We’ve Got You
Claire’s was a treasure. On a corner just off campus, for thirty years, it stood for fine vegetarian and vegan foods at prices that college kids could afford. Claire, herself, was a treasure. After training to be a nurse, she left the profession to focus on diet and nutrition when she saw how much medicine was being used to address things that a proper diet never would have let occur in the body. And her love of cooking for people is what led her to care for all of the college town with her nutritious and beautiful food.

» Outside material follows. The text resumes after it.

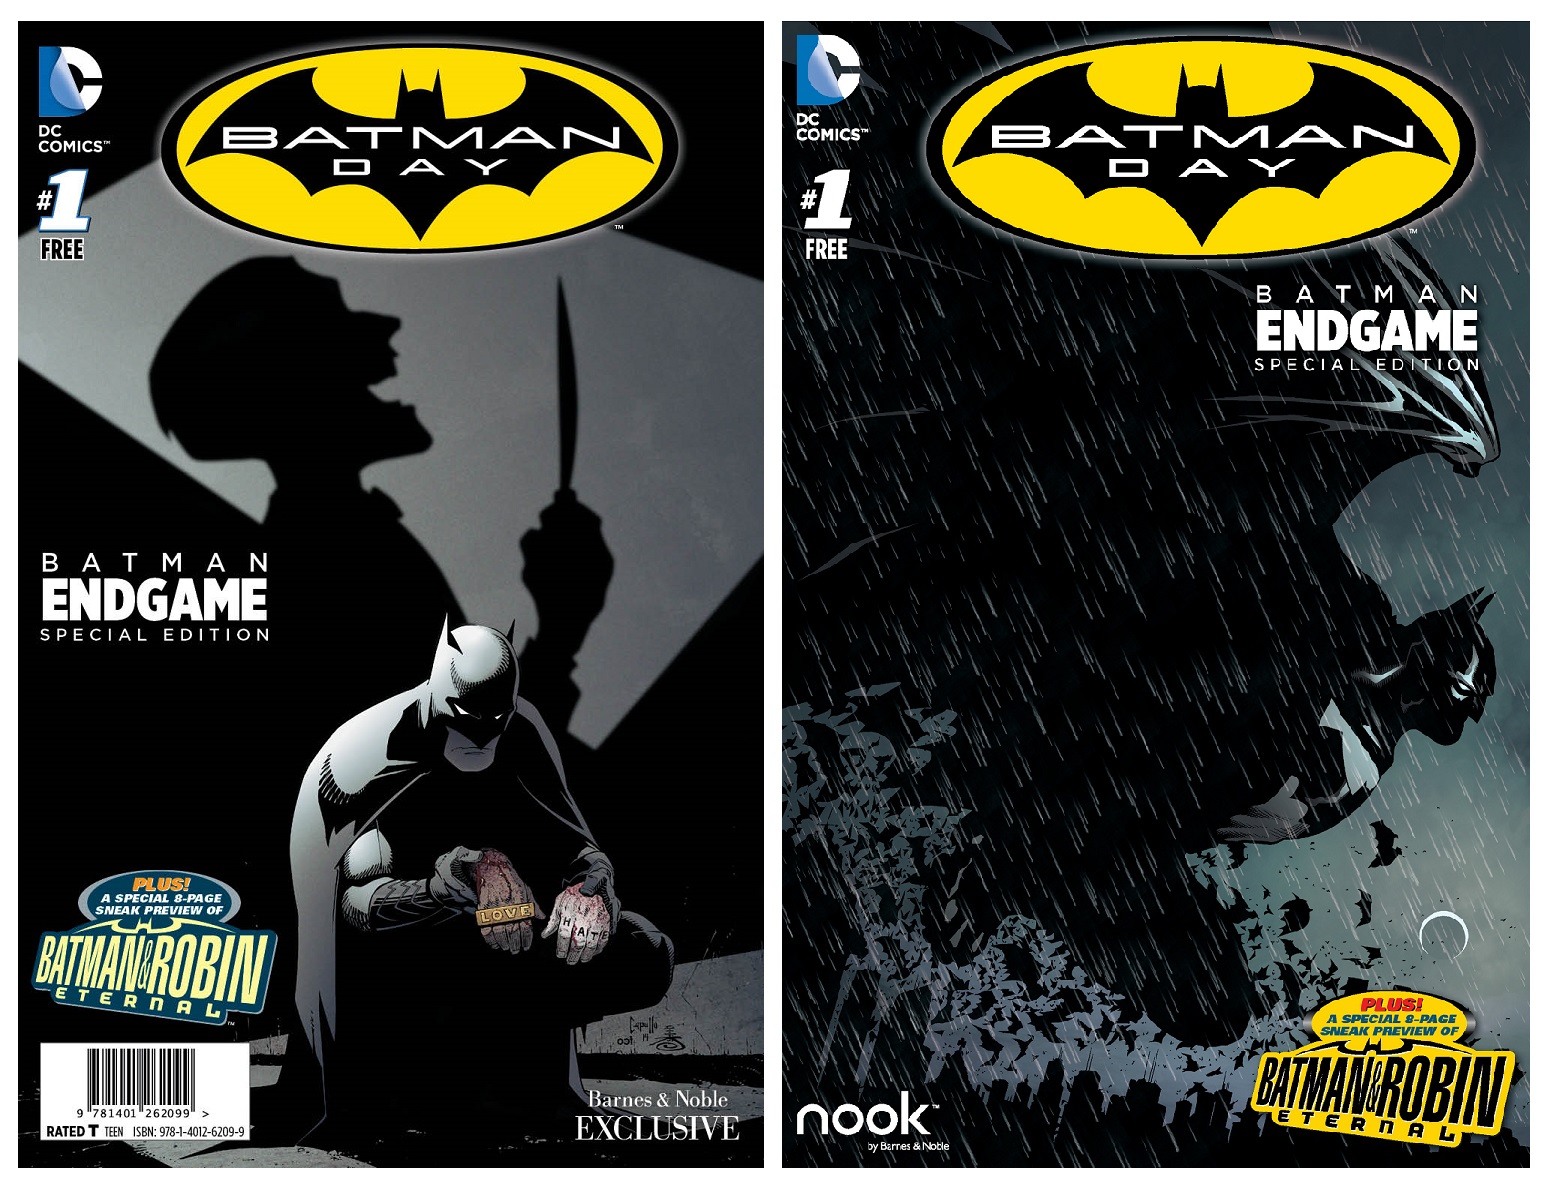 AICN COMICS EXCLUSIVE: Do these two new BATMAN: ENDGAME covers  commemorating Batman Day (September 2

It was a favorite of mine. I held “office hours” there on Friday mornings. I had two classes down in that area a few hours apart and people would come and meet me for coffee and cake sometimes between the classes. When you’re in your late thirties in seminary, there are things that young people in their twenties want to ask you, but they don’t want to ask you in front of all of their friends. So I had a lot of conversations in Claire’s about long term relationships, what working for a living is like, and other things of that nature with these amazing young people.
One Friday, before my earlier class, I got a call from a friend who was concerned that his roommate never came home. The concerned roommate was a solid guy, very devoted and concerned about everyone in our circle. But he really had a kind of brotherly care for his roommate. I said I hadn’t heard from him either. But we both agreed to keep our eyes out. I finished my early class and headed to Claire’s. I was enjoying my home brewed cinnamon coffee and vegan pumpkin loaf (immensely), when the missing roommate walked in and sat down for office hours.
It was the early part of October, so New Haven was chilly. And the missing roommate was slowly peeling off a scarf and some mittens. I said his roommate was concerned for him, and he said he knew he’d been out of touch, but there was a reason. He got off the layer of his coat, sighed a little and gazed into his coffee. He said he’d spent the night at his friend’s house and that he was gay. I did not need my almost forty years of experience to know what that meant, so talked for a while longer that Friday morning.
Claire never had children. And she told me once that she thinks of all the children she serves with food as her children. I listened to this child tell of growing up in the Deep South and the ways he’d denied himself and his love until that crisp October night, the eve of National Coming Out Day. I watched him sip his coffee and eat his cake. And I knew then that Claire had him, that I had him, that two childless people with a century of living between them held this child in love, in understanding, and in all the best wishes of good health and a fine future we all will treasure.
Happy Coming Out Day, my friends. And many blessings to you.
Rev. T. J.
minister@unitariansofhi.org
A beautiful story, T. J. And after all these years, even when things are so much better for LGBTQ kids in so many ways and so many places (though of course there are still places and ways in which they are not), coming out is something we must all do for ourselves. It’s good to know there are people who are there to ease the journey.